For instance, a model that is an effective forecaster, but has certain decision-making biases, “might make unexpected choices or choices that are suboptimal from the perspective of the [model’s] user,” it said.

To assess the models’ decision-making the researchers use classic game theory experiments — finding that they often behave much like humans do in similar experiments.

For example, in games where a model is asked to divide a given amount of money between itself and another party, the researchers find that, “most models offer close to an even split, even in situations where a purely self-interested agent would not share.”

The results are similar to the outcomes of human experiments — in fact, the models demonstrated “even stronger aversion to unequal outcomes than typical human data suggest,” they found.

However, the research also concluded that the “apparent fairness is fragile: when we mask the task’s economic context by reframing it, allocations shift toward self‑interest.”
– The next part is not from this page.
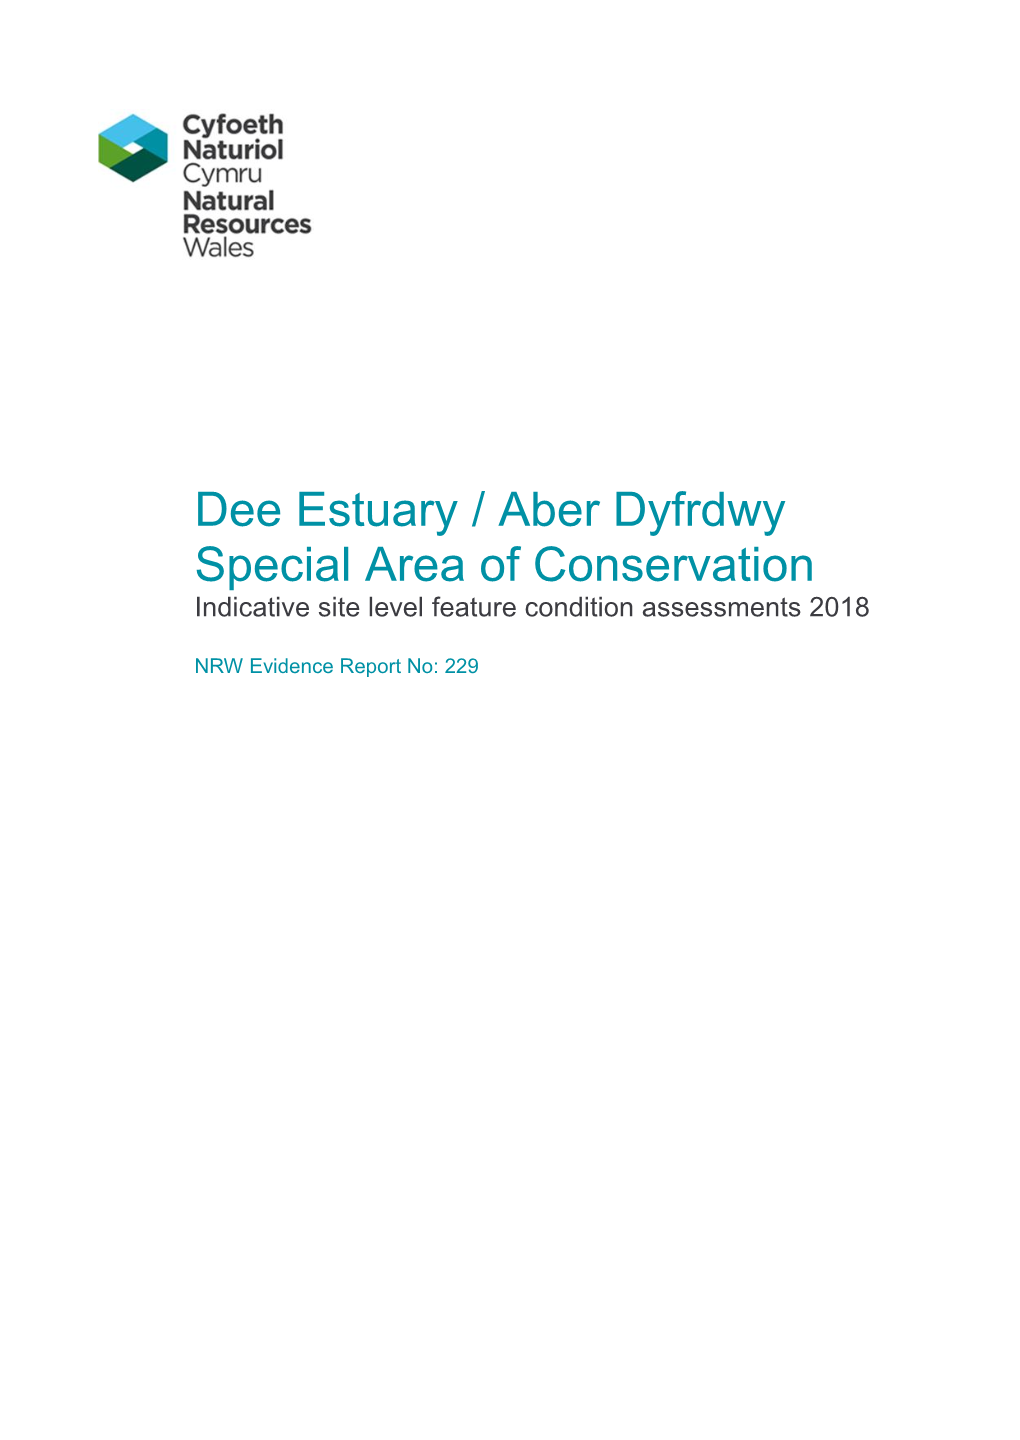 Dee Estuary / Aber Dyfrdwy Special Area of Conservation Indicative Site Level Feature Condition Assessments 2018

For instance, the researchers found that, “presenting a decision as a currency exchange rather than a resource allocation … can shift behaviour in systematic ways.”

These kinds of shifts are more effective in simple, one-off allocation games, than they were in more complex tasks, the paper noted.

“In these dynamic environments, the models’ preferences appear less stable and more influenced by randomness or context-specific cues,” it said.

Ultimately, the paper finds that AI models “are not neutral computational tools but instead exhibit structured and quantifiable behavioural tendencies” — and, these tendencies are flexible, rather than fixed.

As a result, they conclude that, “There is a clear need for better diagnostic tools to identify and adjust the goals models implicitly pursue.”